After a while, I decided that it was a good chance to open up the opportunity, and some other things and that kind of led me, after a little bit of time, to work at the CDC, the Center for Disease Control and Prevention right here in Atlanta where I’m based.
I started as an entrepreneur in residence because of my background in private sector and technology background. After a little while, it became evident that the job at hand was to really revisit how software was developed.
We’re in the business of public safety and providing information flow for things that are very important to all of us humans such as infectious diseases and outbreaks and preventing disasters happening and things like these.
In many ways, the systems that were there we’re not designed for that. It’s really for Internet scale and real time throughput. That was really my agenda there and very much my path. And that led me down the path of blockchain as well and then to public health and some of the used cases there.

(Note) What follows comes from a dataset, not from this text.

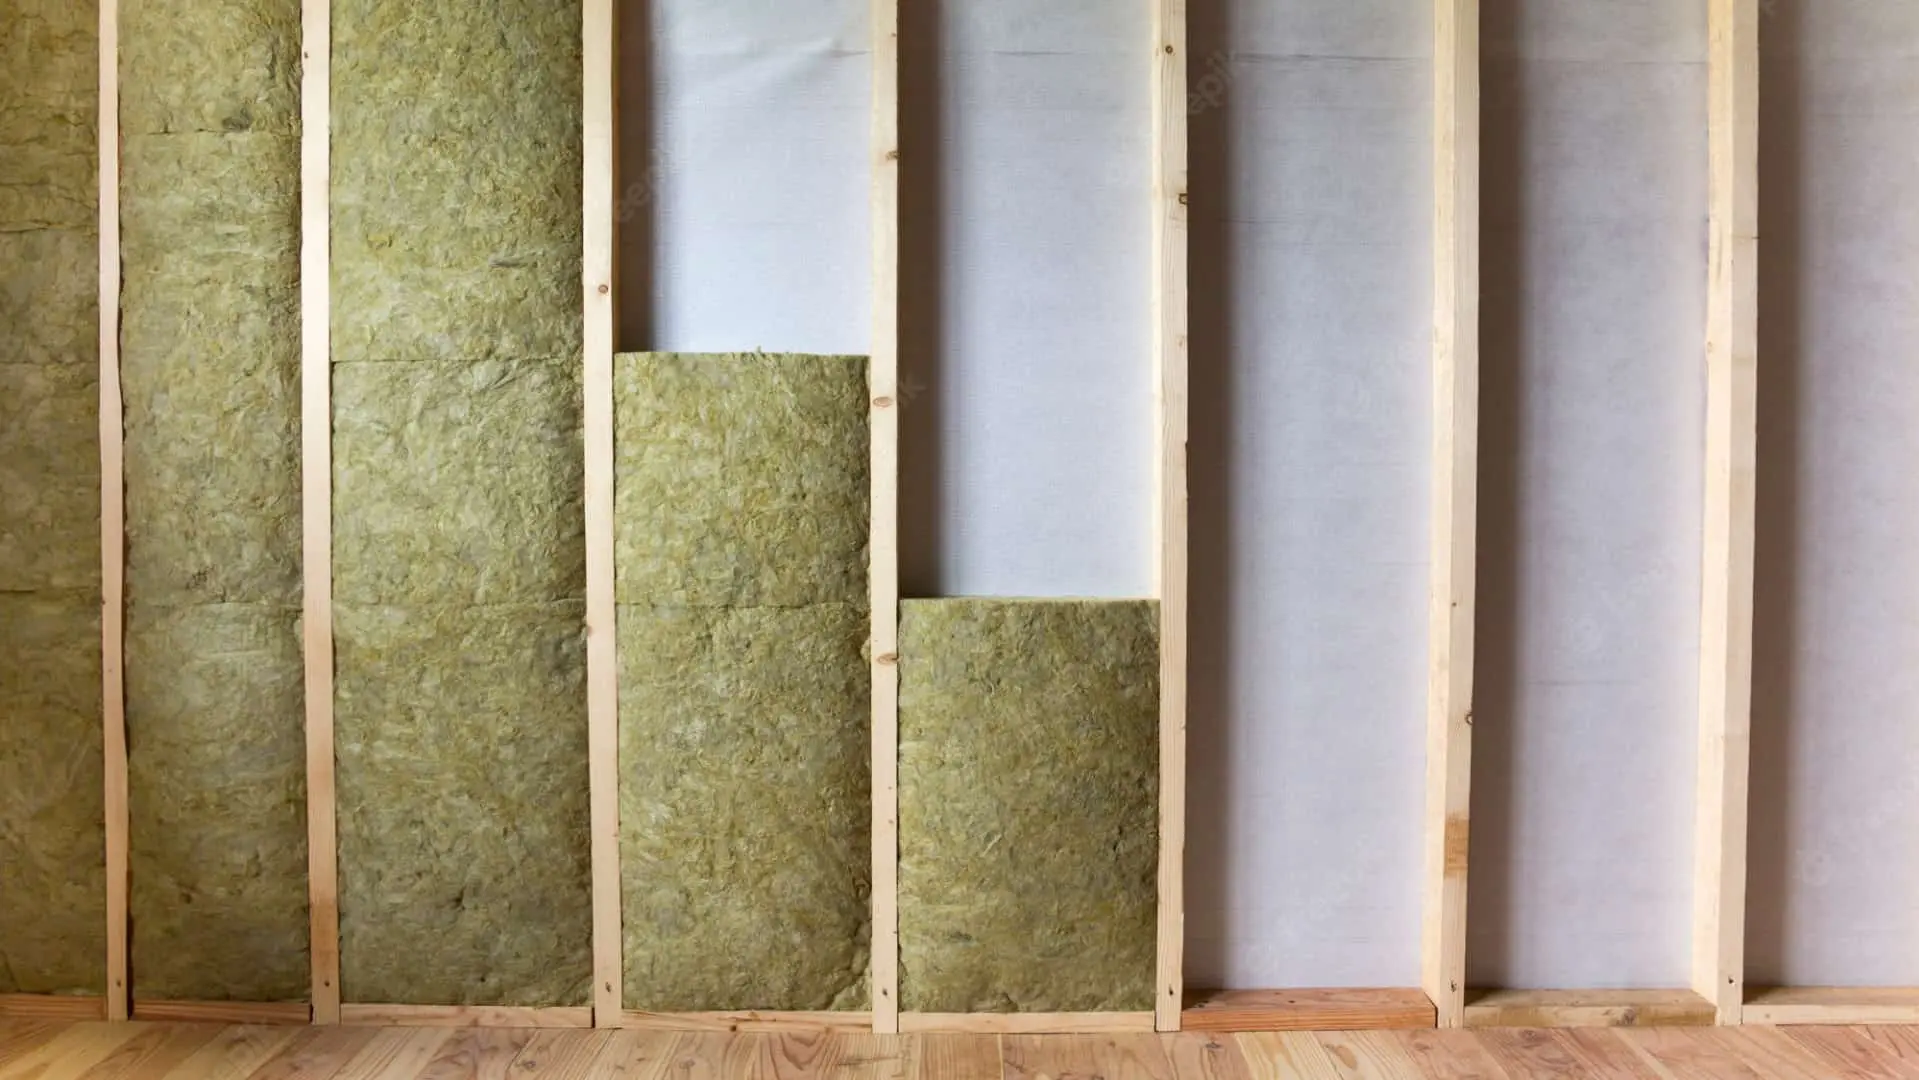 How to make wall insulation, like rockwool? - Materials and
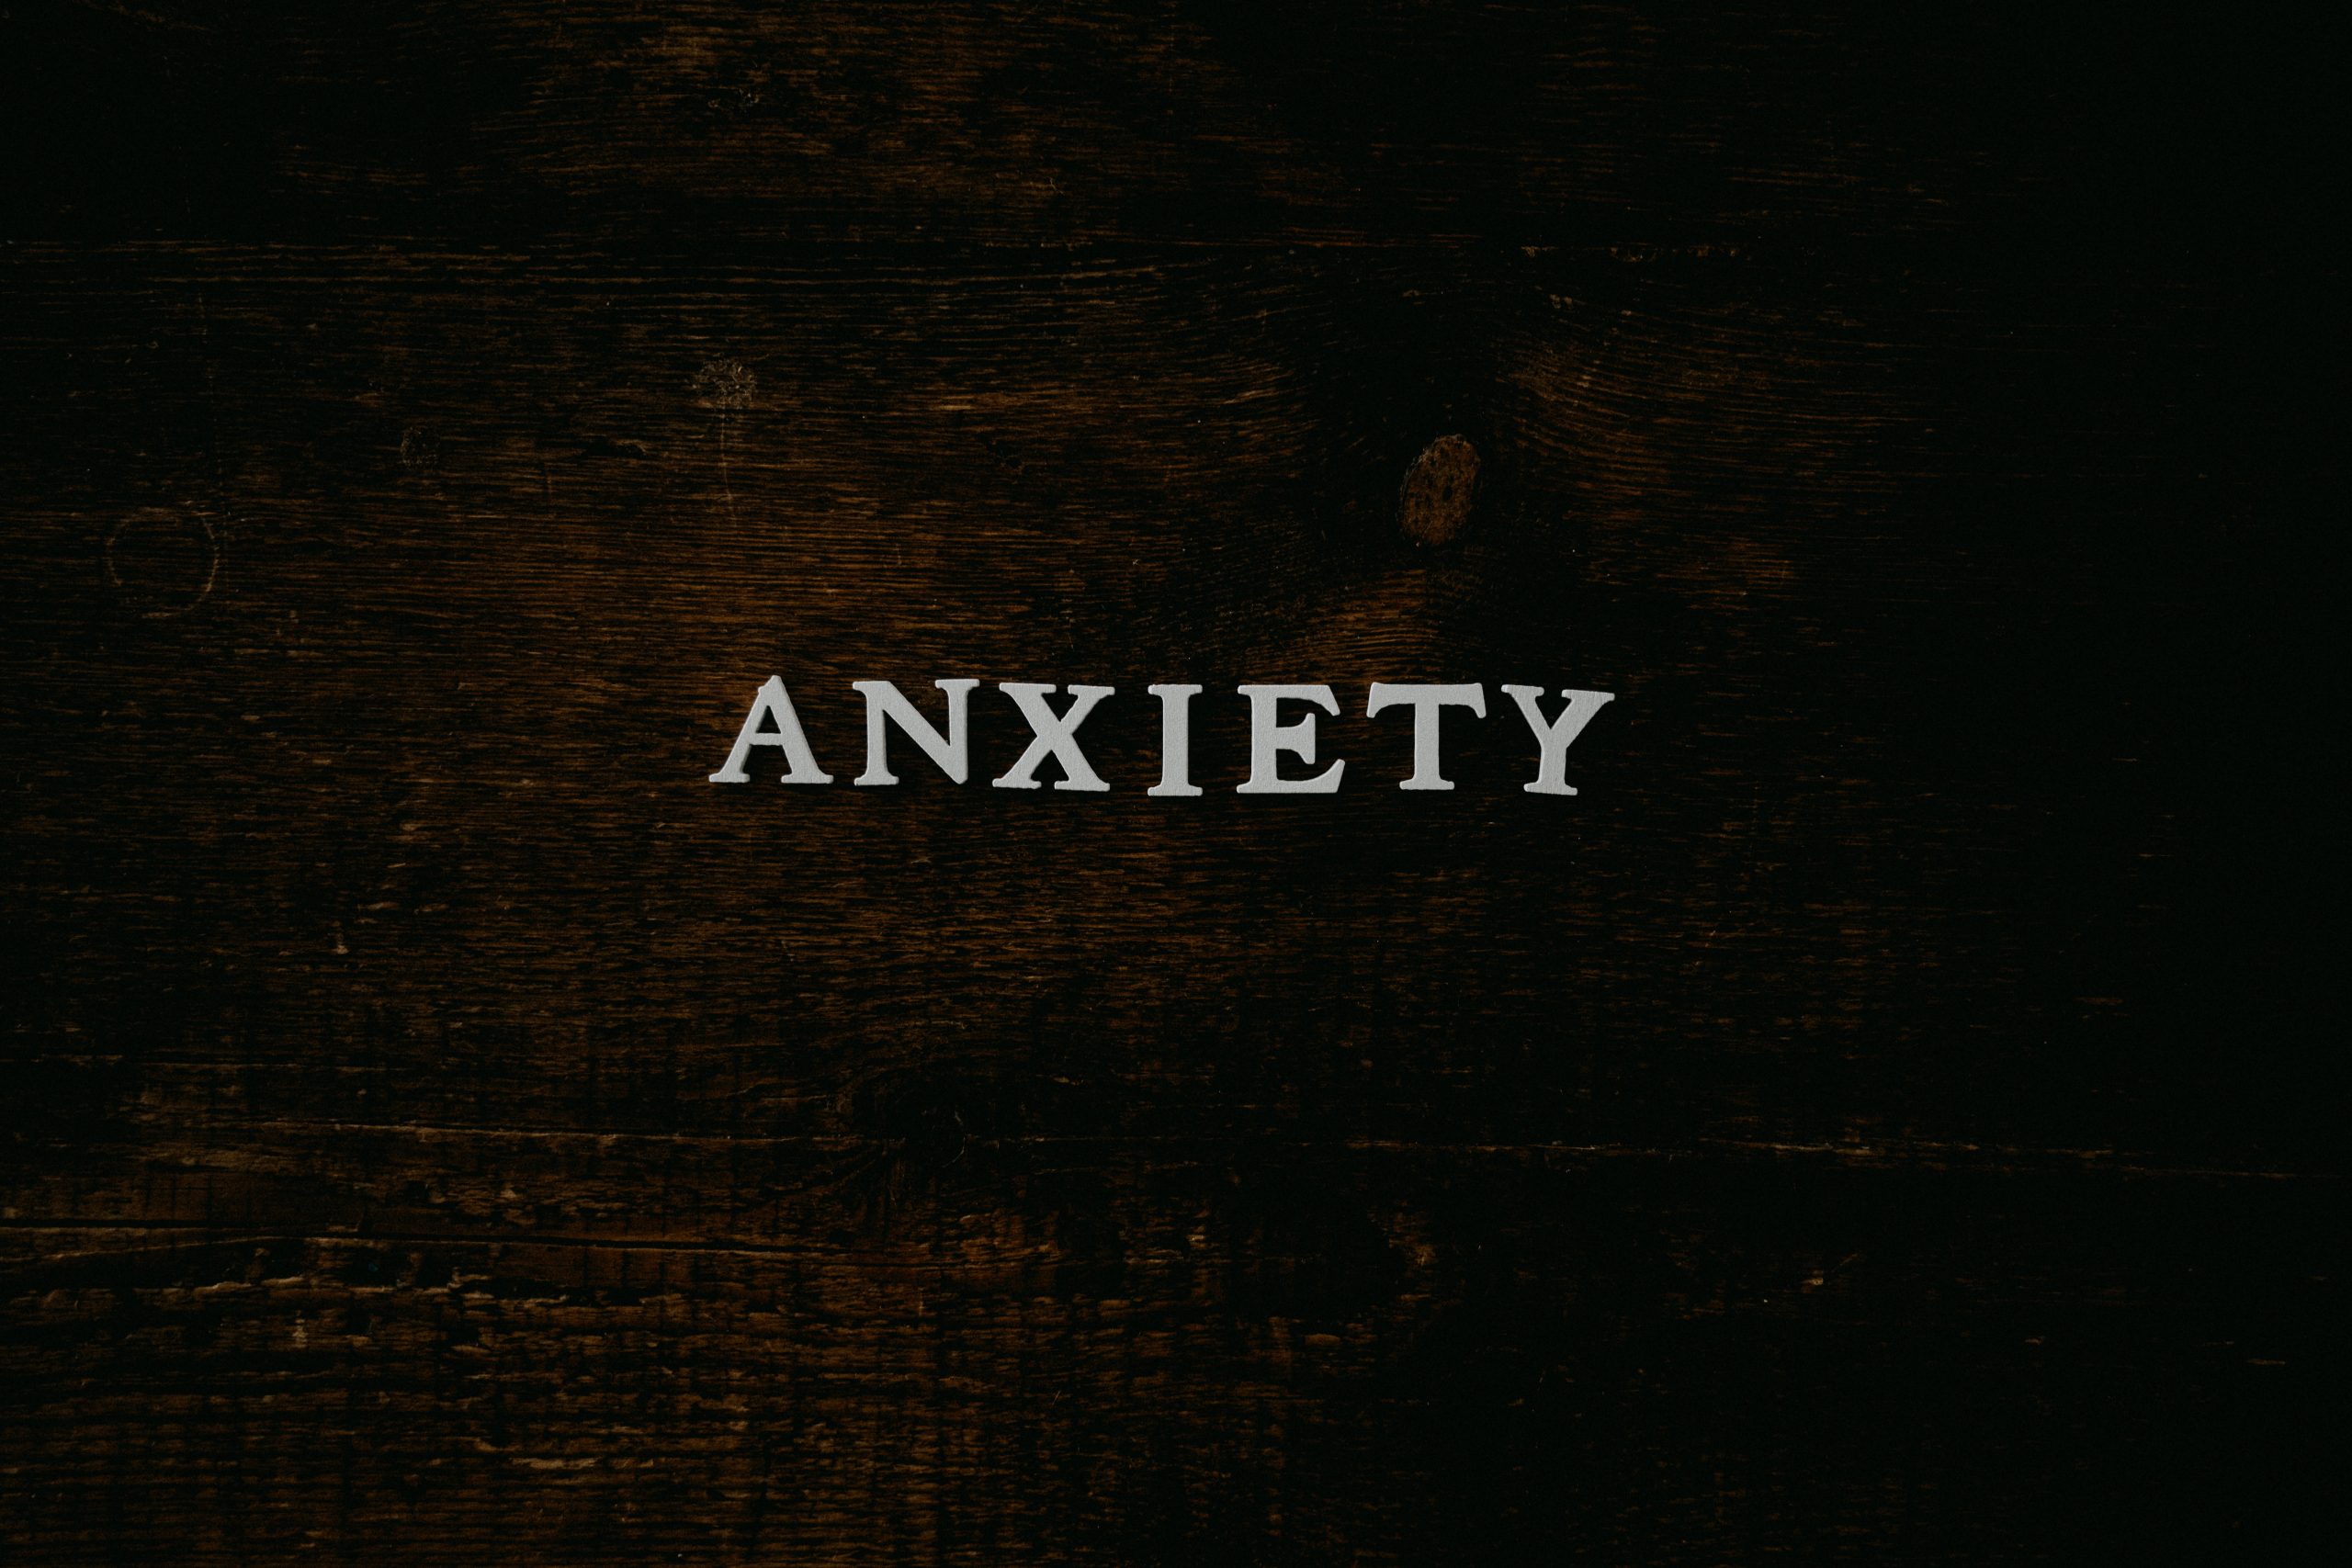 the word anxiety

And then, at the beginning of this year, I joined a company in the pharmaceutical space and the life sciences space called Certara and very much with the intention of building kind of a large-scale set of open technologies including, where it makes sense, distributed ledger technologies, to really address the very large problems in life sciences and pharma around interoperability, around software that meets really market needs an quick turnaround and provide this set of open protocols and open technologies that we can mix and match.
So my work is around this technology or this platform called “OpenPharma” and very much with the intention of building small functional components that can be mixed and matched together and needs a bigger set of application.
Ledge: Quite a collection of activities there! You can definitely see the arc of the career going to where you’re solving major problems using more modern architecture, patterns, and approaches, as you’ve said, at Internet scale.
What have you learned in that that’s applicable maybe for any size company that’s trying to approach and deal with these massive interoperability and data concerns?
Jim: That’s a good question. There are a few key patterns that come out. One is, from inception, think machine readable; think machine to machine interaction.
If you think like that, they’ll guide you significantly and you’ll, hopefully, avoid some pitfalls particularly in terms of high architect data because, ultimately, if you’re not thinking like that at this stage, you’re not building for scale. I think we’re very much in the world of machine to machine, software to software, API to API like a medical device to another medical device per se. Thinking like that will certainly clarify some design concepts in your mind.
And this is really regardless of interoperability. It has all to do with usability that we are very much in the world of consumer-grade technology. Without doubt, it needs to have a very intuitive user experience, it needs to work with the natural things or things that we consider as being natural elements of that consumer experience. I think that’s another problem that I’ve seen largely in the health and life sciences space.
But technology really has not been designed with the consumer in mind, with the actual user in mind. It’s not consumer grade. As a result, that leaves a lot of adoption problems.
I would say that these are some key things and I think that, to me, it’s very important this idea of decoupled architecture, decoupled software. So you build software that inherently or really by design decouple from various software or from underlying infrastructure.
So if you wanted to run it on Amazon Web Services, you could. If you wanted to run internally, you could. And it’s really a lot of this concept of software as a theme park where you have an API that acts as the physical turnstyle you go through. Almost your “wristband for the day.” And then, you’re able to traverse different playgrounds and different experiences.
And then, you’re still in the same theme park but they’re not just one experience. They are different experiences. You can pick and choose where you want to go and you can have different software, different applications. They can be composed very quickly from singular components that work independently.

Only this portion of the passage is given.